• What the task requires
Return each line of the data below exactly, omitting any pictures.

• Given material
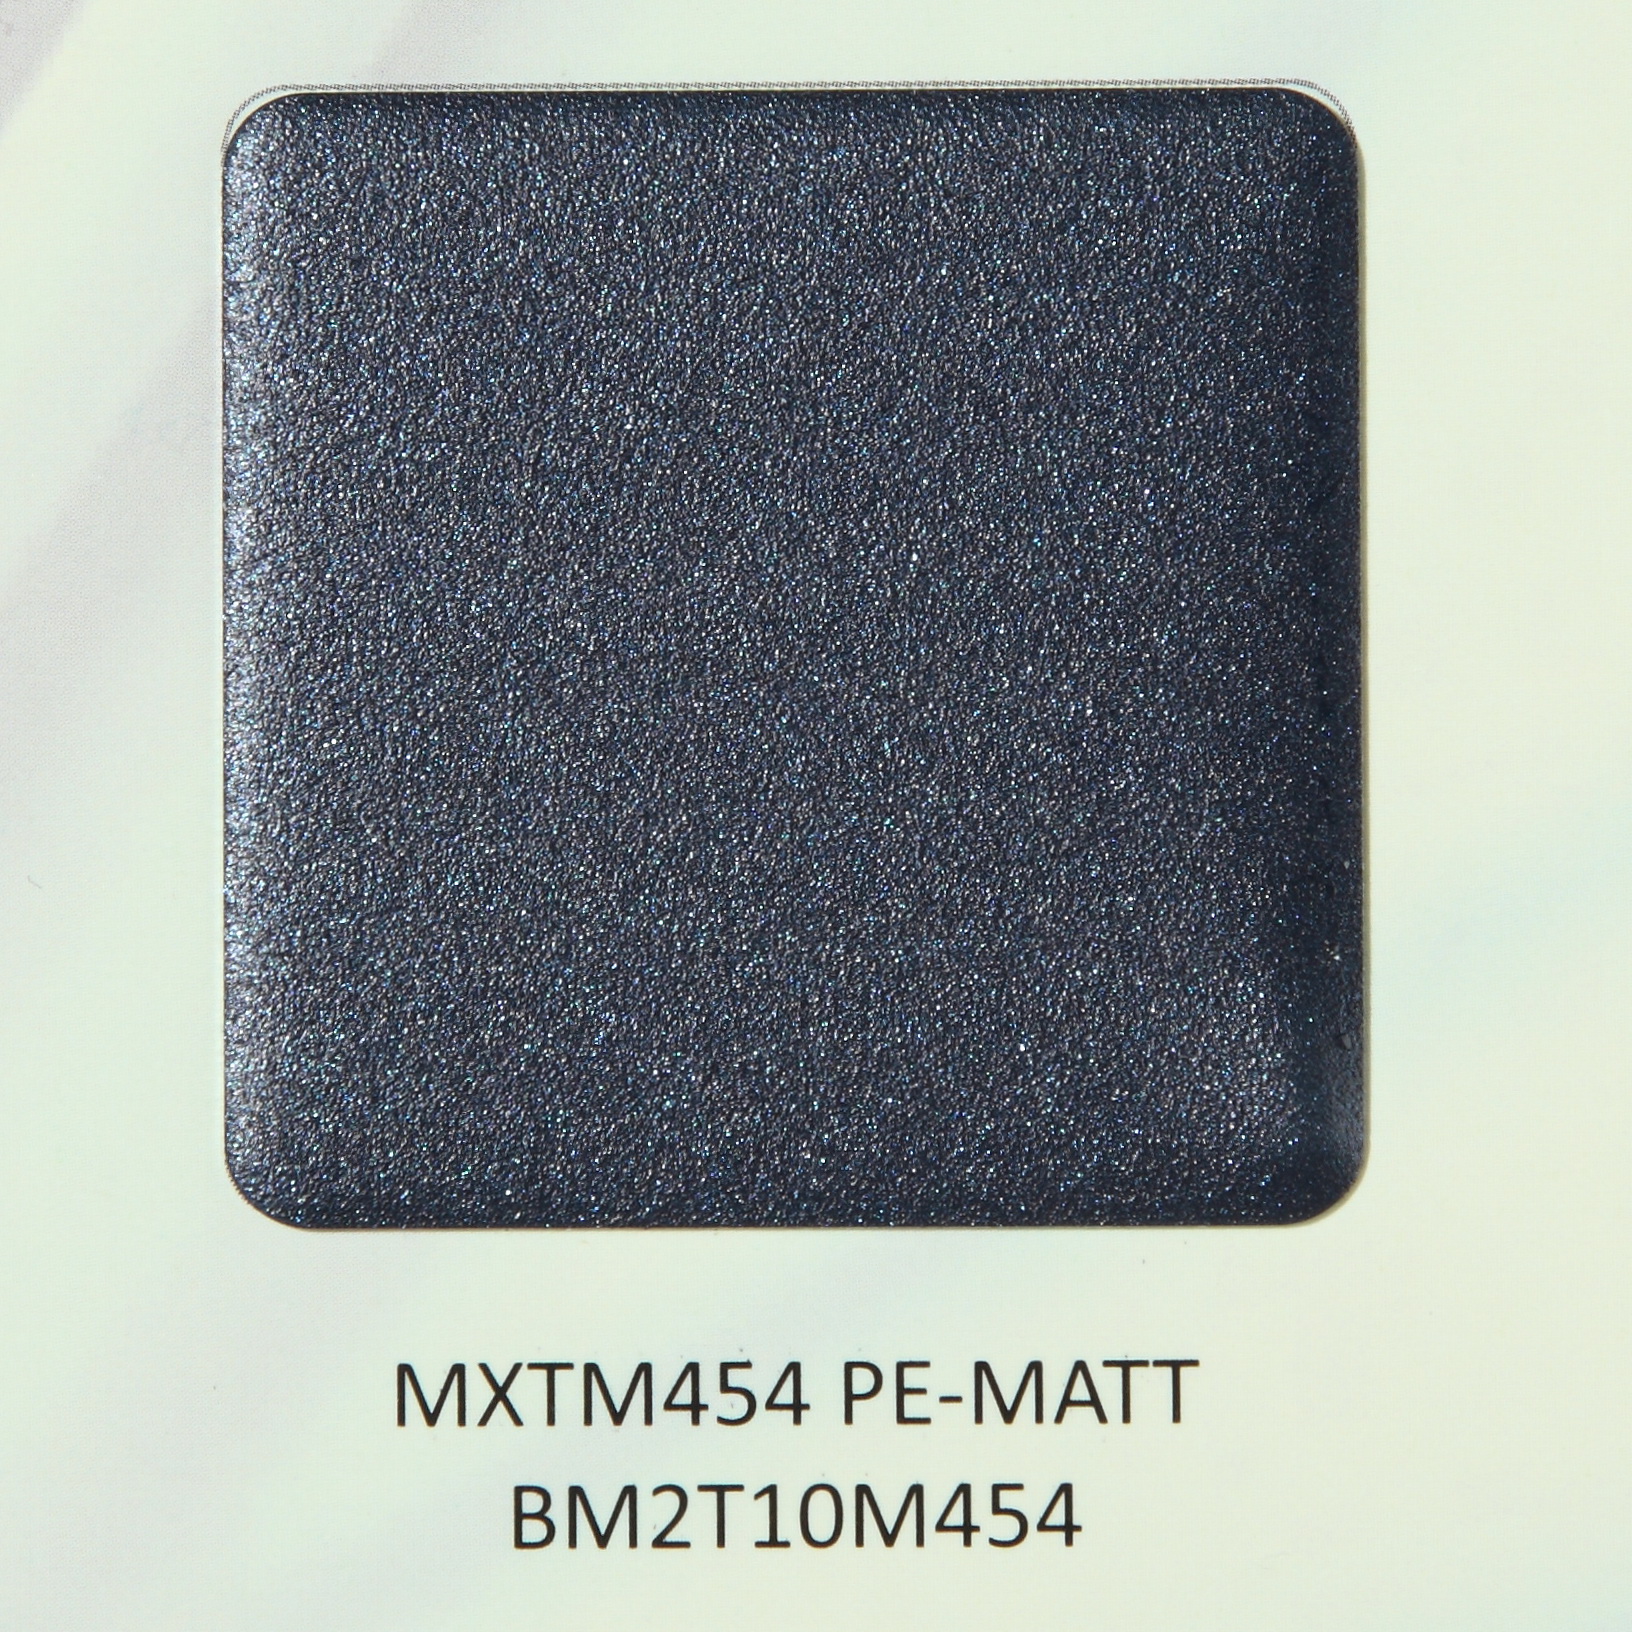 MXTM454 PE MATT BM2T10M454
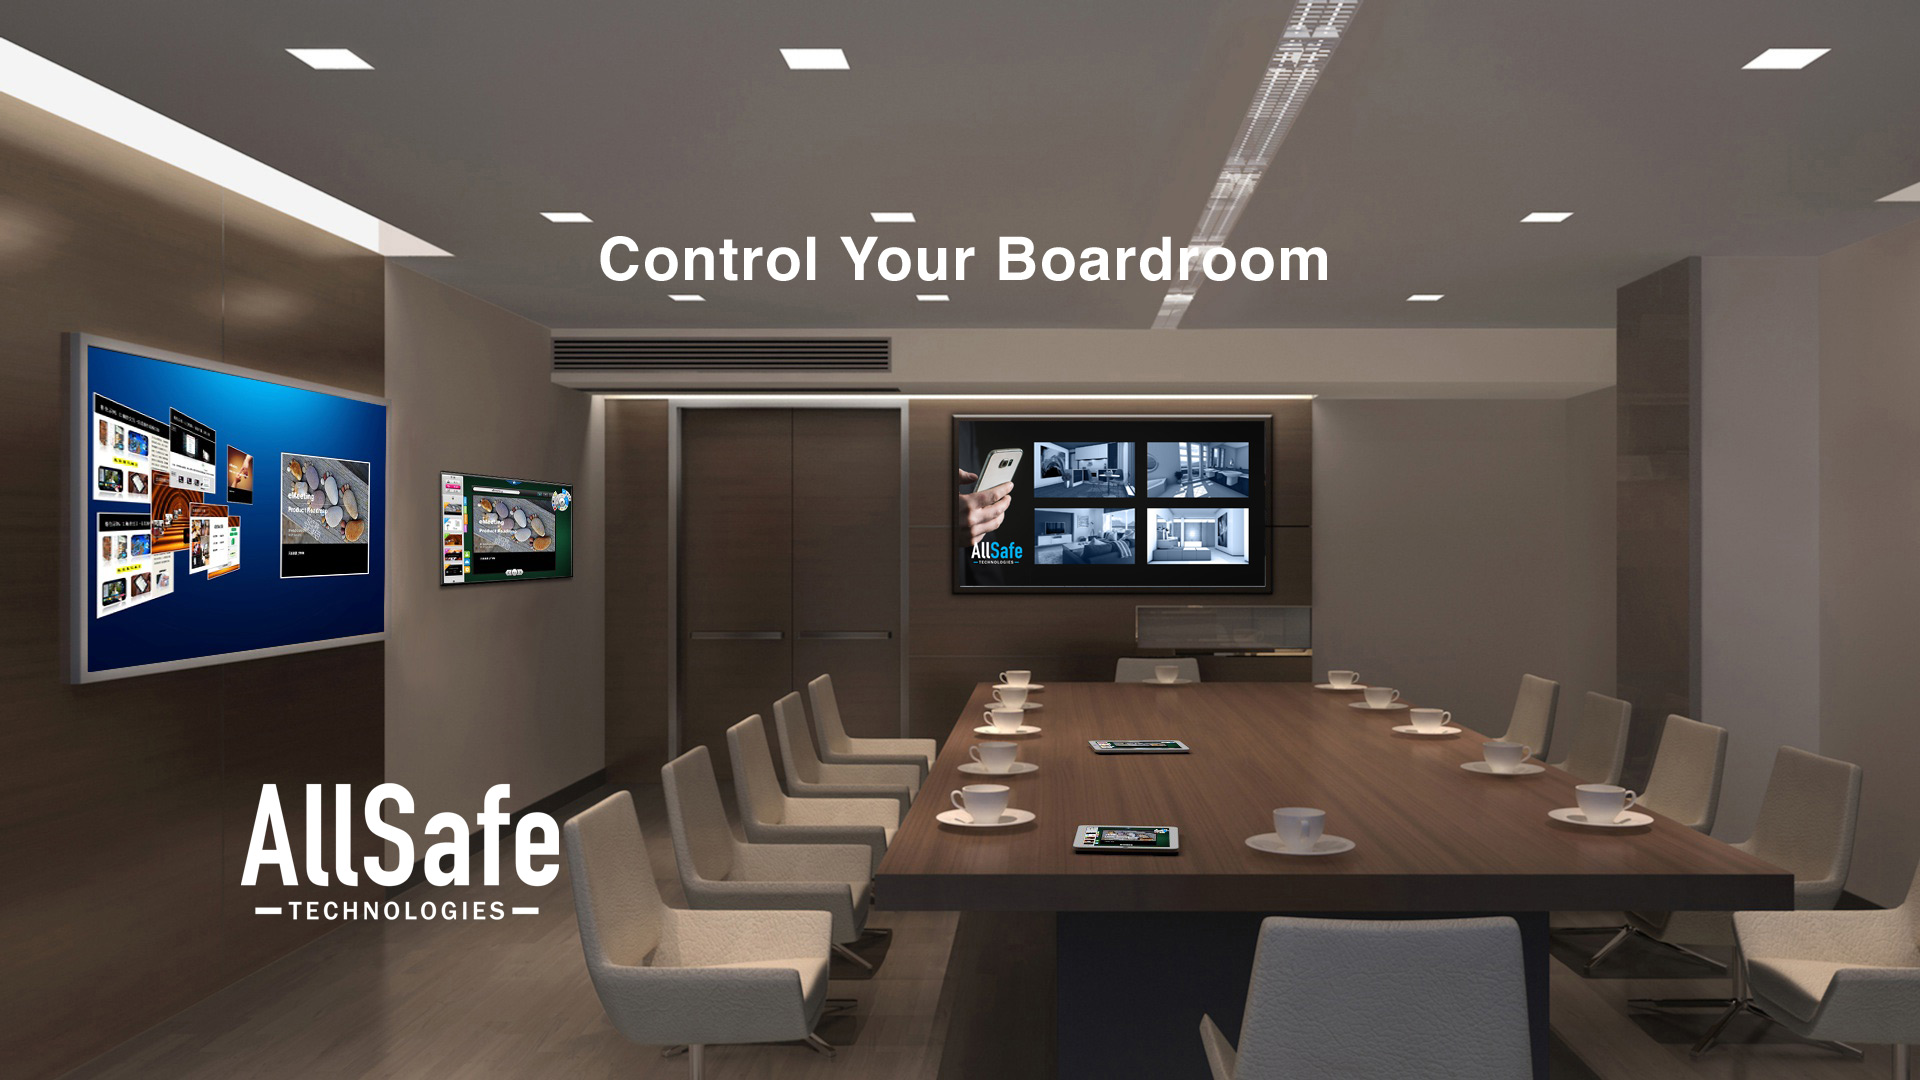 Control the Boardroom
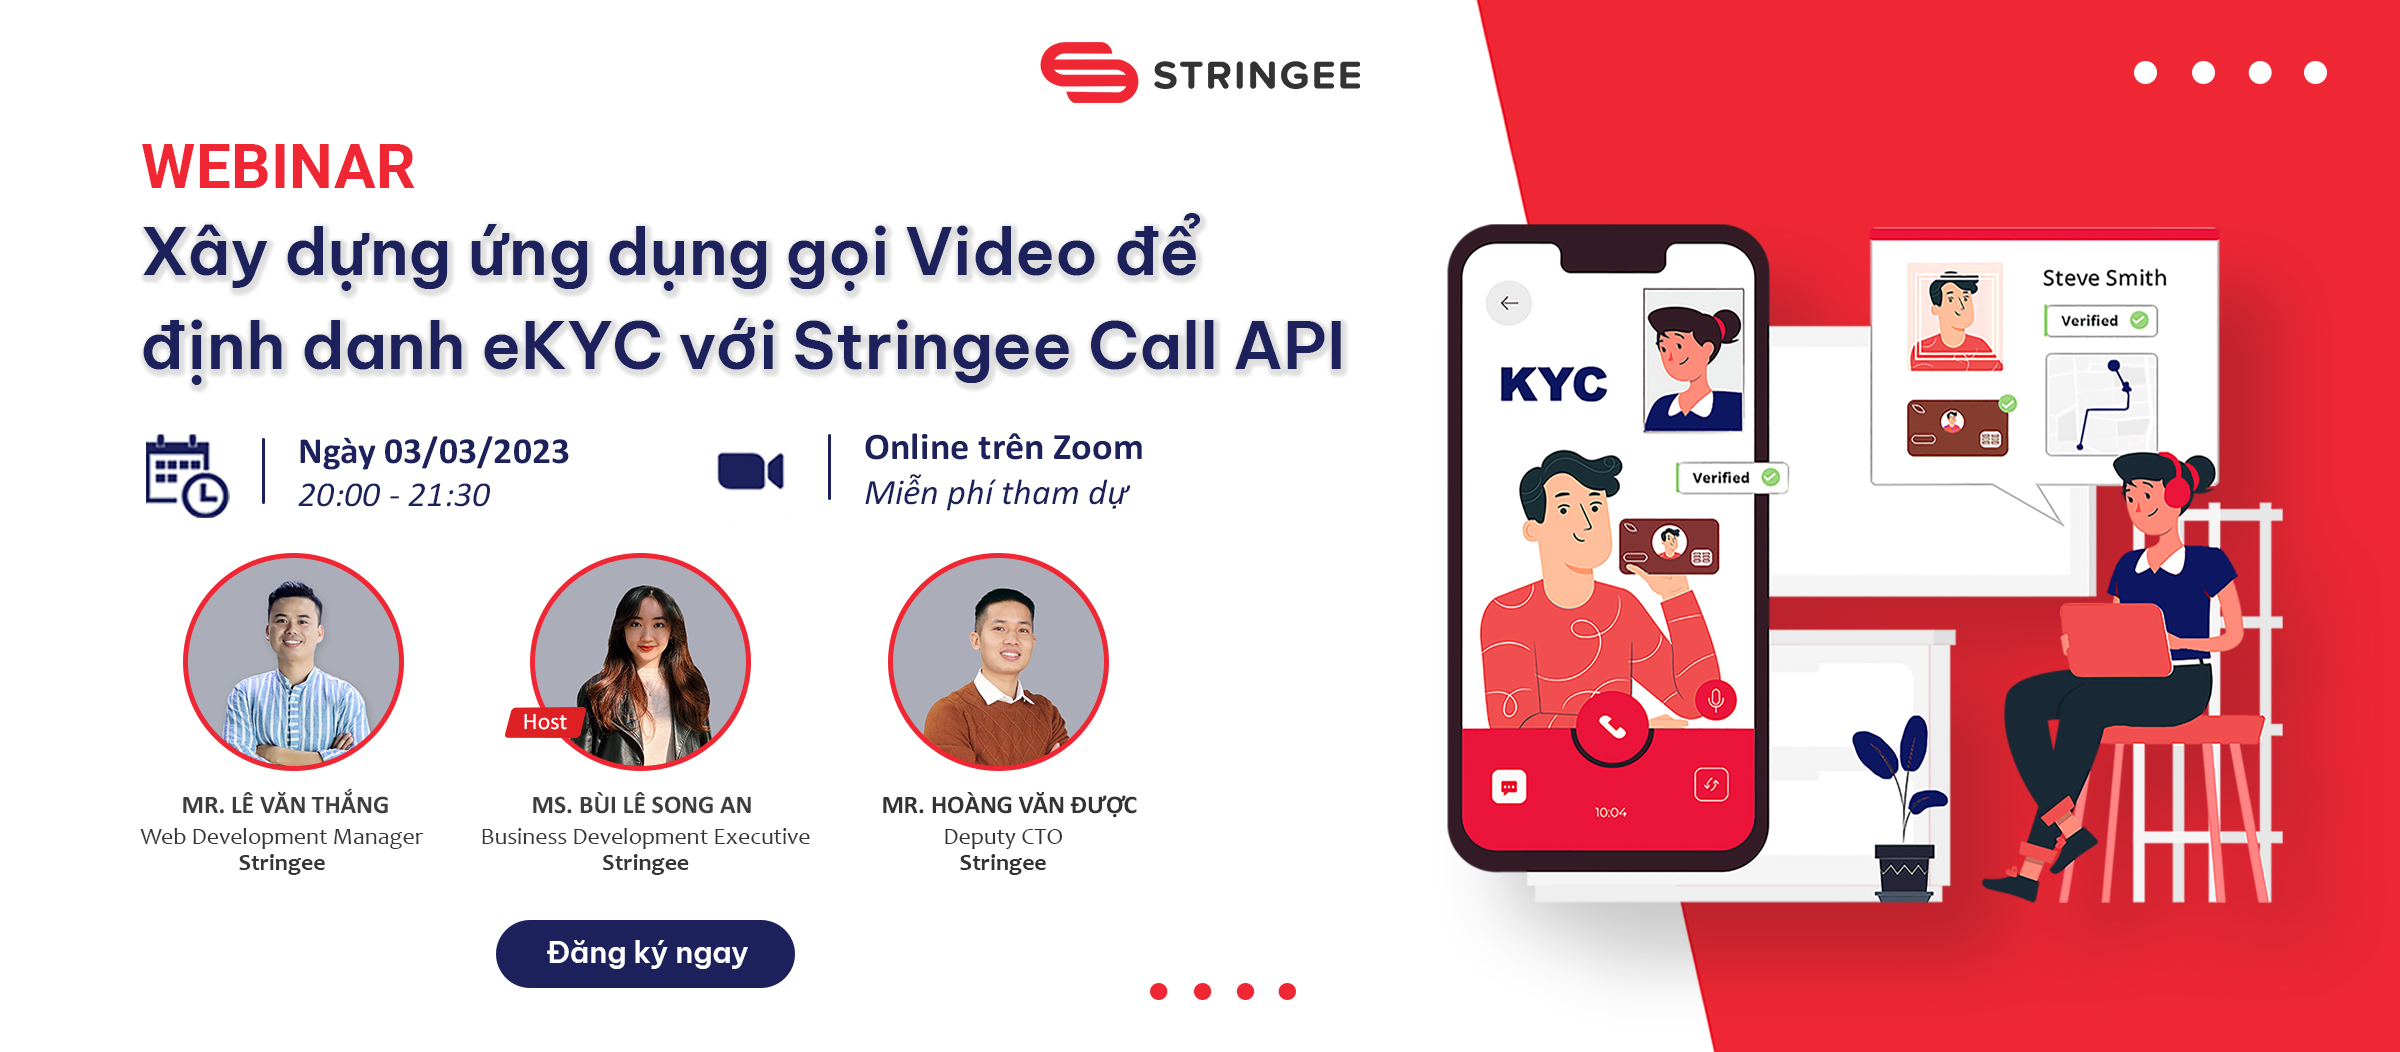 [Webinar]  Xây dựng ứng dụng gọi Video để định danh eKYC với Stringee Call API

• Response below
 MXTM454 PE MATT BM2T10M454
 Control the Boardroom
 [Webinar]  Xây dựng ứng dụng gọi Video để định danh eKYC với Stringee Call API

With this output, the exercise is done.